Anthropologists must start to call out cultural, social, historical, and economic structures of oppression if we want to impart positive change with our ethnographies. We must be in thick solidarity with the people who we once marginalized with our discipline. This means making visible through our work colonial and neocolonial structures that we once propagated and calling out wrongs through our acknowledgment that humanity is not unproblematic. Participant observation inserts anthropologists in a positionality where structures, ideals, and ideas which may not be visible in other disciplines are made apparent to us. To ignore such oppressive structures in the name of cultural relativism means denying our discipline the change that it is capable of imparting.
An important strategy for “ethically grounded Anthropology” is to describe a particular ethnographic space from multiple engaged perspectives. Rather than writing from a single relativist Boasian perspective, the ethnographer chooses to engage with their material emotionally, and express their moral discomfort or outrage. However, they do so from multiple perspectives. A good example of this approach is Porkopolis, Alex Blanchette’s (2020) study of industrial pork factories in the United States. His approach of studying from multiple levels within the factory allowed him to uncover layers of injustice that would not have been visible otherwise, and also pre-empted overly simplistic moral reactions such as blaming the management for the cruelty experienced by the workers. This approach further inspired ethnographic research on Diversity work within the University. The perspectives of faculty and students were separately analyzed and balanced against each other.
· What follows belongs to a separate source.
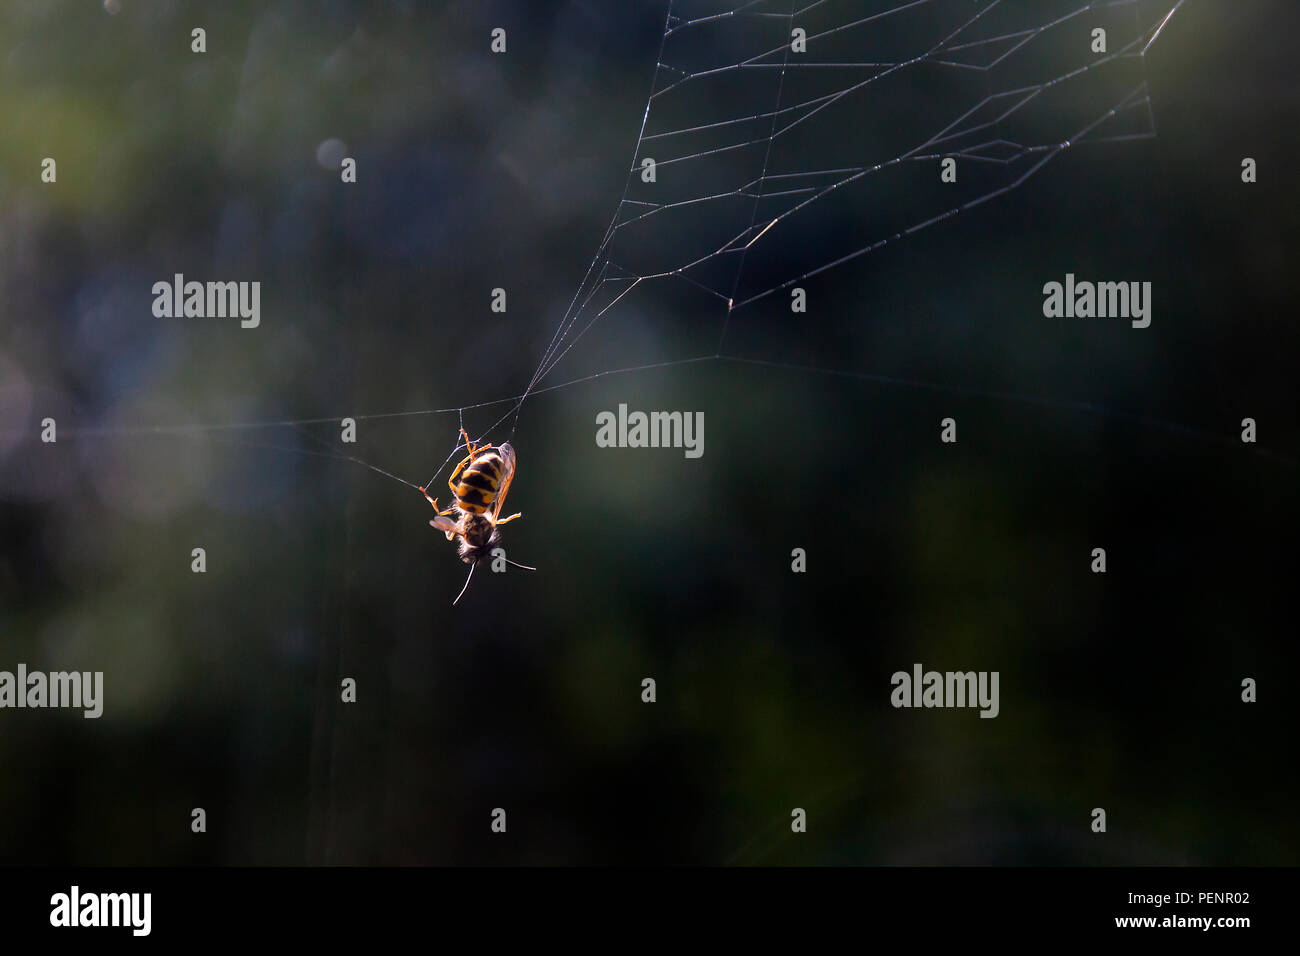 Wespe (Vespula vulgaris) gefangen in Spinnennetz mit natürlichen Seitenbeleuchtung und Soft-Fokus Hintergrund und Kopieraum. Leben hängt an einem Faden Konzept. Stockfoto
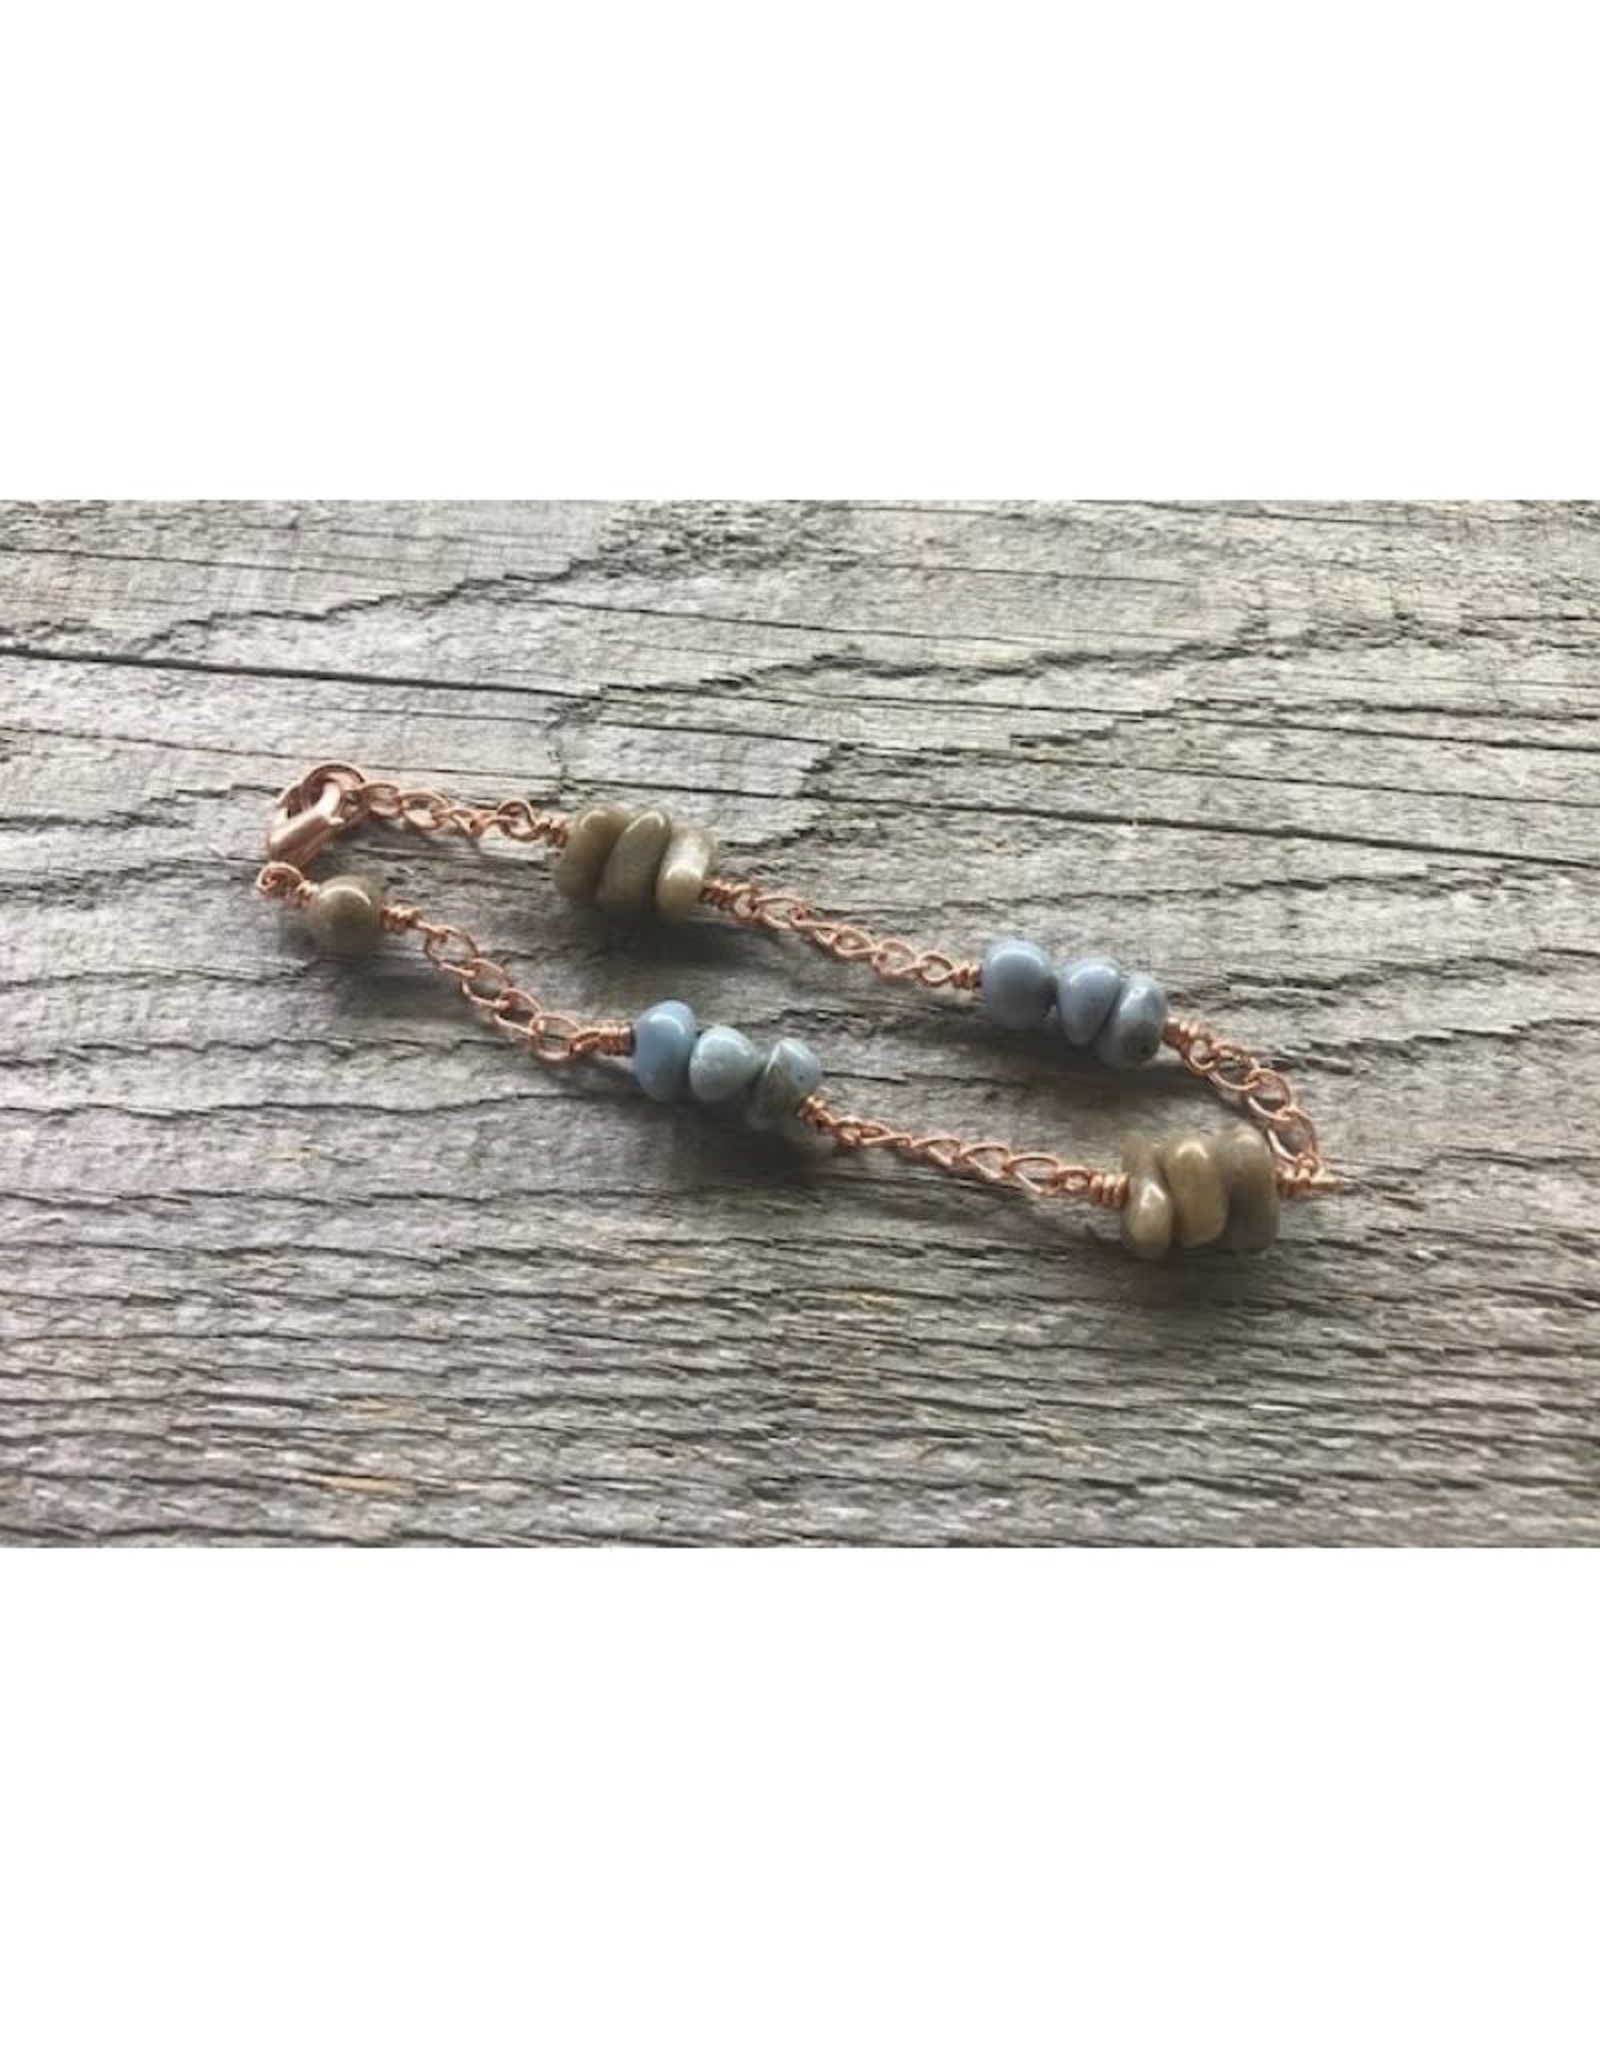 Bracelet - Leland Blue & Petoskey Stone on Copper

With insights from other anthropologists on what ethically grounded anthropology looks like, it becomes apparent that as anthropology students, we must call out the University’s non-performative diversity work and limited student leader support. However, we continue to ask ourselves if we have explored all the multiple perspectives that surround this phenomenon. The dialogue surrounding ethically grounded ethnography that imparts change must focus on how to fundamentally change Anthropology. It is a conversation that must be continually explored and reflected upon in all the work we do as anthropologists. It cannot be reduced to a simple acknowledgment that our institution is broken.
References
Jobson, R. C. (2020). The case for letting anthropology burn: Sociocultural anthropology in 2019. American Anthropologist, 122(2), 259–271. https://doi.org/10.1111/aman.13398
Scheper-Hughes, N. (1995). The primacy of the ethical: Propositions for a militant anthropology. Current Anthropology, 36(3), 409–440. https://doi.org/10.1086/204378
Alex Blanchette. Porkopolis: American Animality, Standardized Life, and the Factory Farm. Duke University Press, 2020. https://doi.org/10.1215/9781478012047.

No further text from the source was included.